Sizing and Scaling in Functional Muscle Cells
Full Description
Project Summary/Abstract
The mission of the Baylies lab is to deliver basic research findings that will support better therapies across a
range of muscle diseases. Our goals are the identification of genes and mechanisms that are essential for the
formation and healthy functioning of skeletal muscle, and where these mechanisms go awry in disease states
such as muscular disorders (nemaline and centronuclear myopathies), muscle wasting (cachexia, aging), and
soft tissue cancer (rhabdomyosarcoma).

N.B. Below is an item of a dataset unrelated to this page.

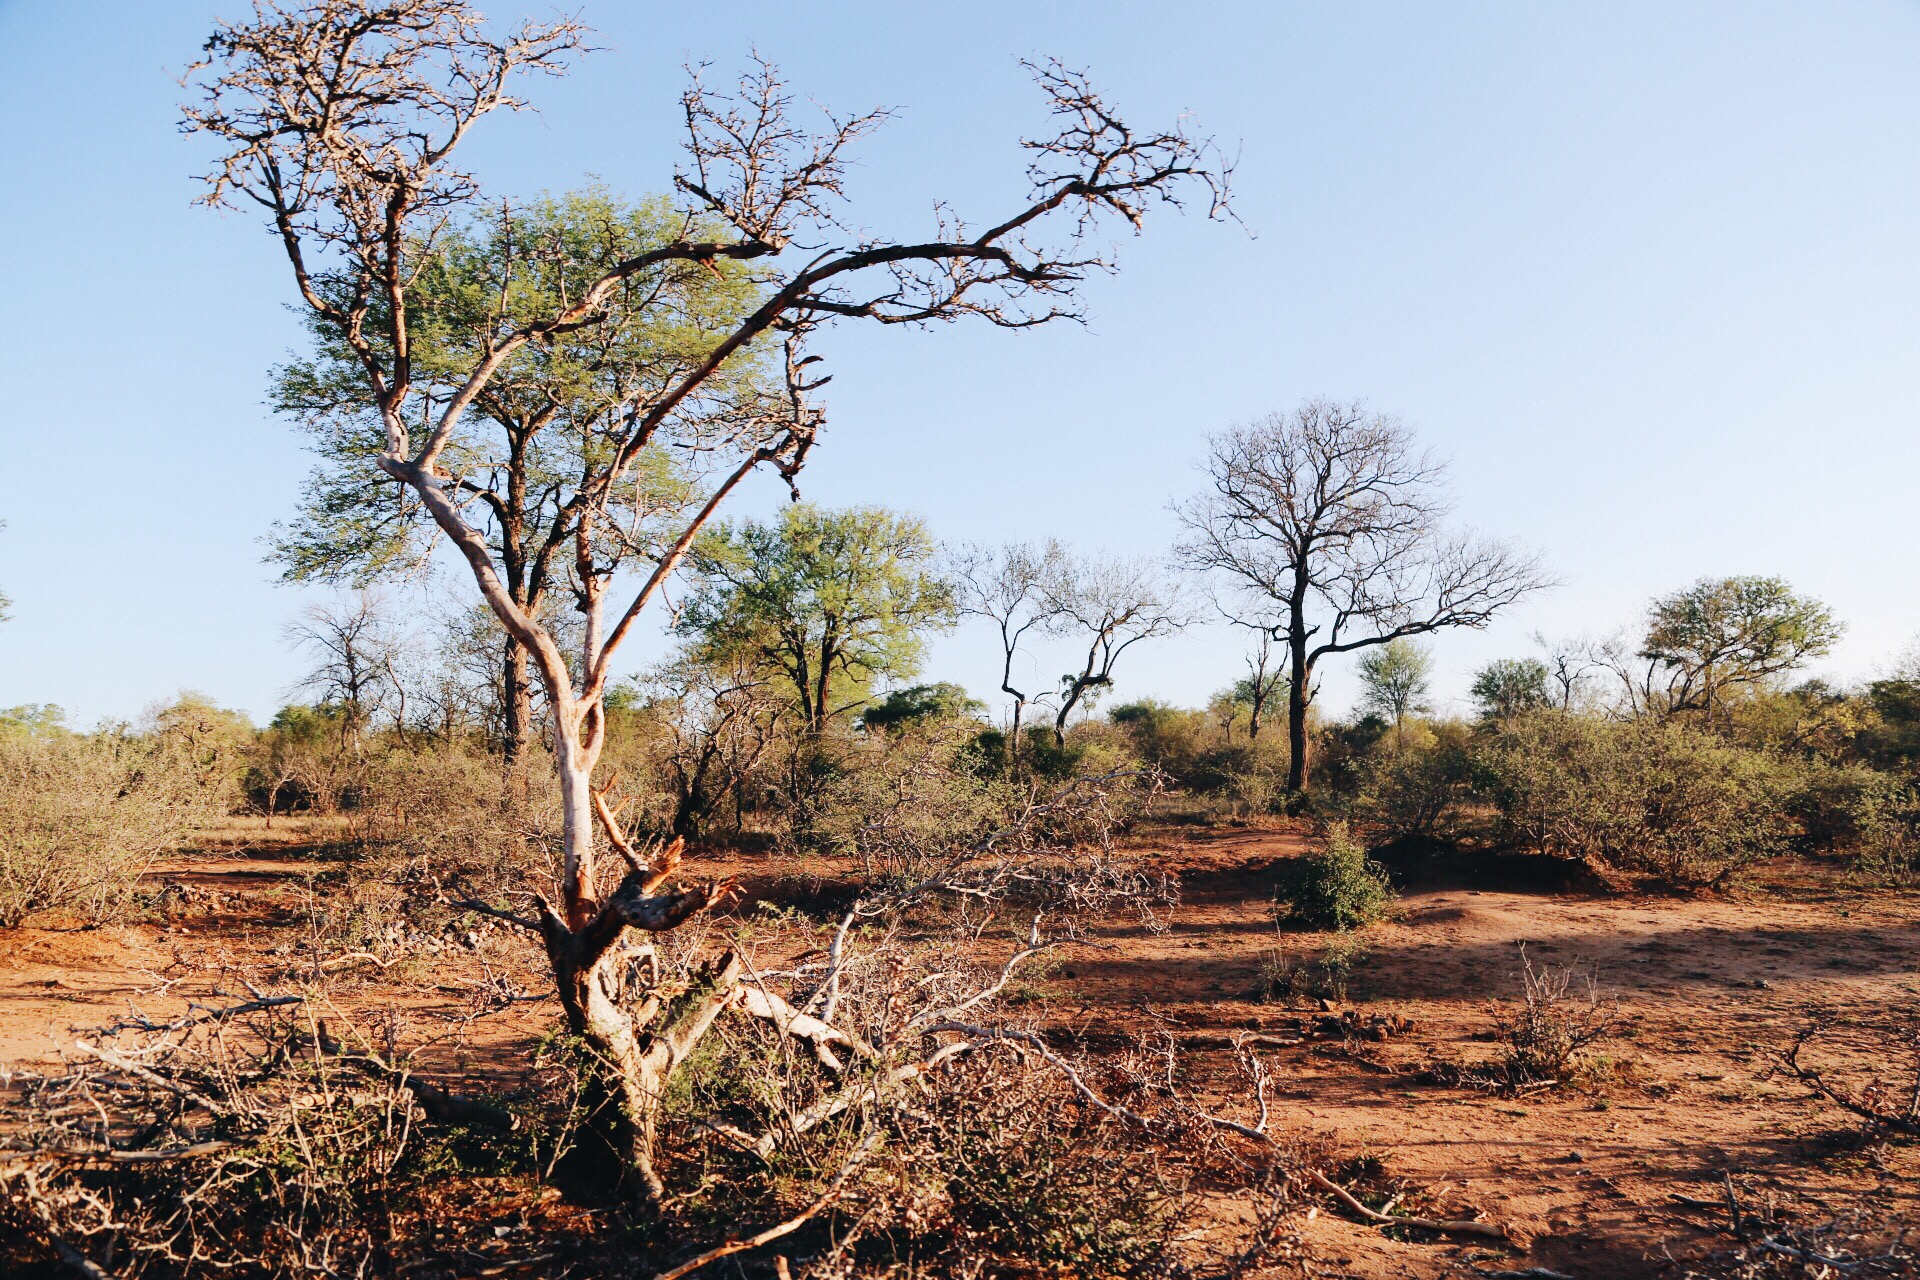 Safari In South Africa - A Photo Diary (17)
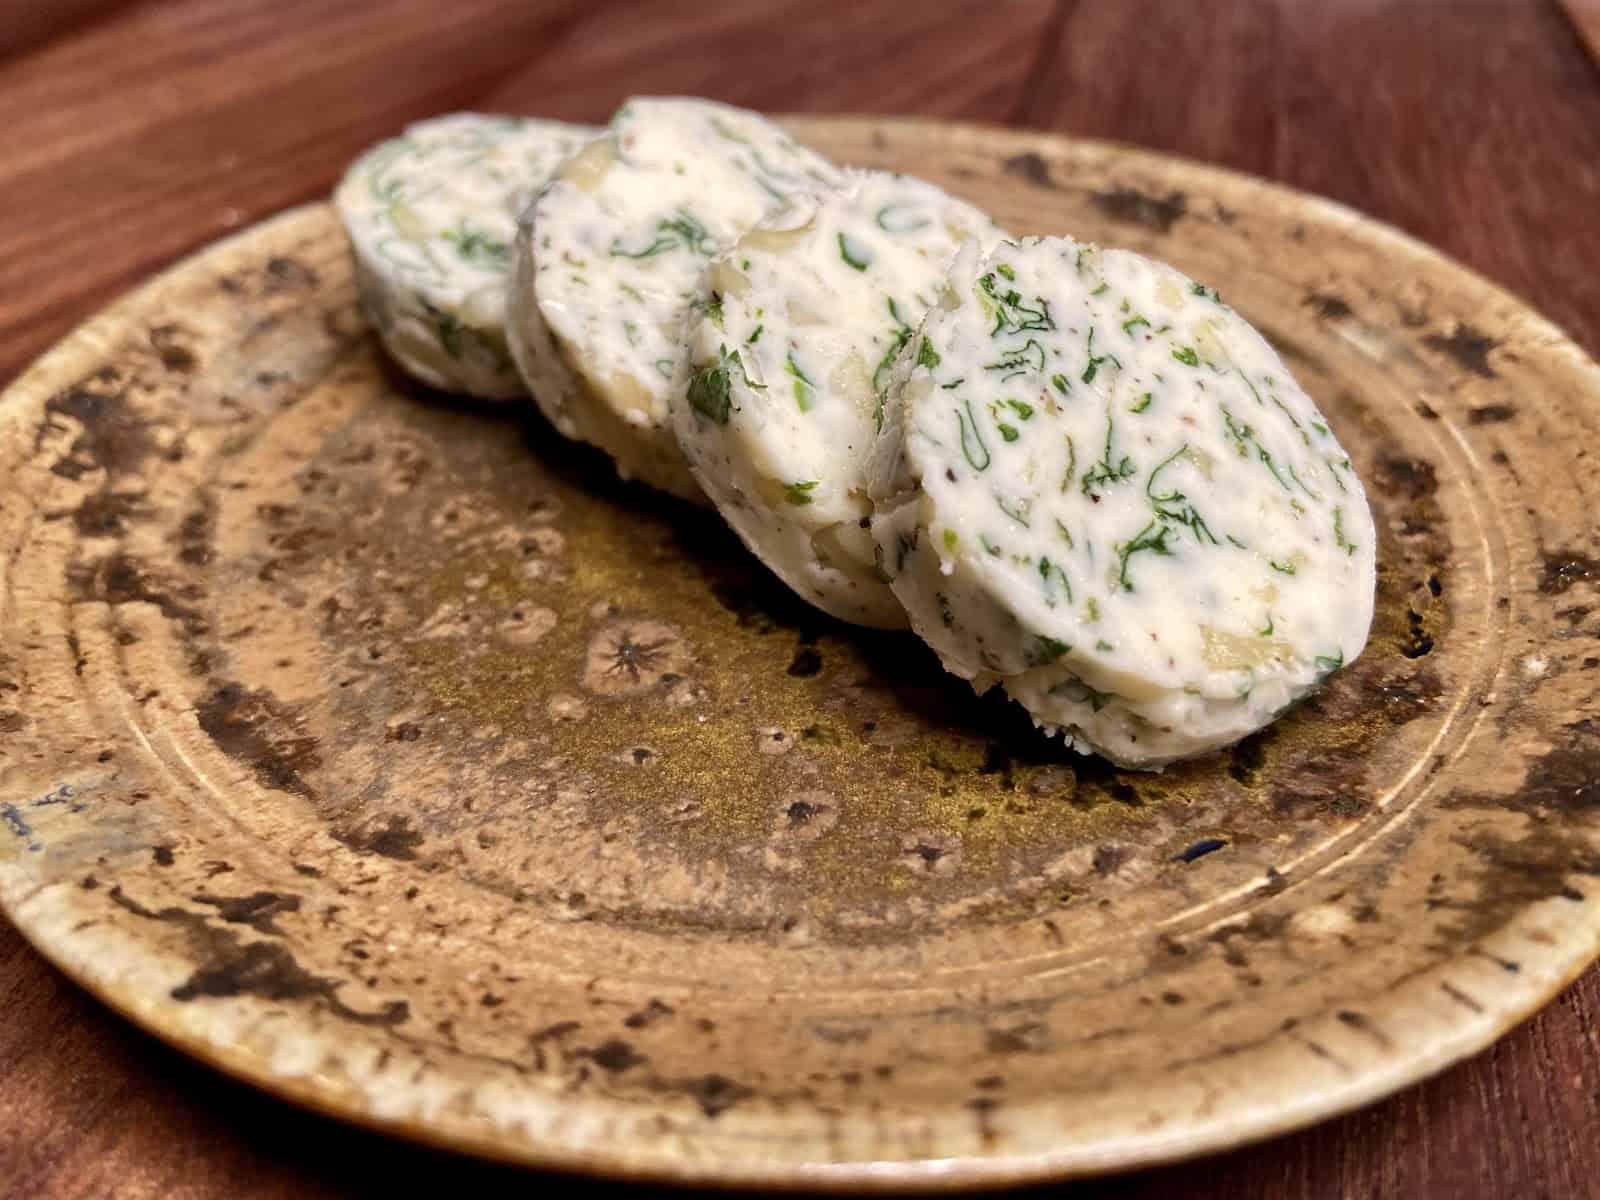 Sheet Pan Dinner - Garlic Herb Compound Butter (Photo by Erich Boenzli)

Specifically, the lab aims to understand key processes that lead to
skeletal muscle: cell fate commitment, cell-cell fusion, movement and positioning of organelles such as the
nucleus, and muscle fiber growth and maturation. That research is conducted by developing and combining
novel genetic, cell biological, imaging, molecular and mathematical approaches, using Drosophila and
mammalian muscle cells. Our current investigations focus on a fundamental question: what determines muscle
cell size? The mechanisms that control cell size are poorly understood. This is particularly true for a skeletal
muscle cell, which may have hundreds of nuclei and is among the largest cells in the human body. Skeletal
muscle cells have a remarkable capacity to increase their size in response to exercise (hypertrophy), and to
decrease in size upon inactivity, aging, or disease (atrophy). Our work in Drosophila has revealed critical nuclear
parameters (number, DNA content, size, activity) that can each be adjusted and coordinated by the muscle cell
to generate a particular size. We have also found that the many nuclei in a muscle cell vary in number and
activity along the length of a muscle fiber. Key questions we are pursuing over the next five years include: How
does a muscle cell generates these regional differences yet globally coordinate the nuclei within a single cell?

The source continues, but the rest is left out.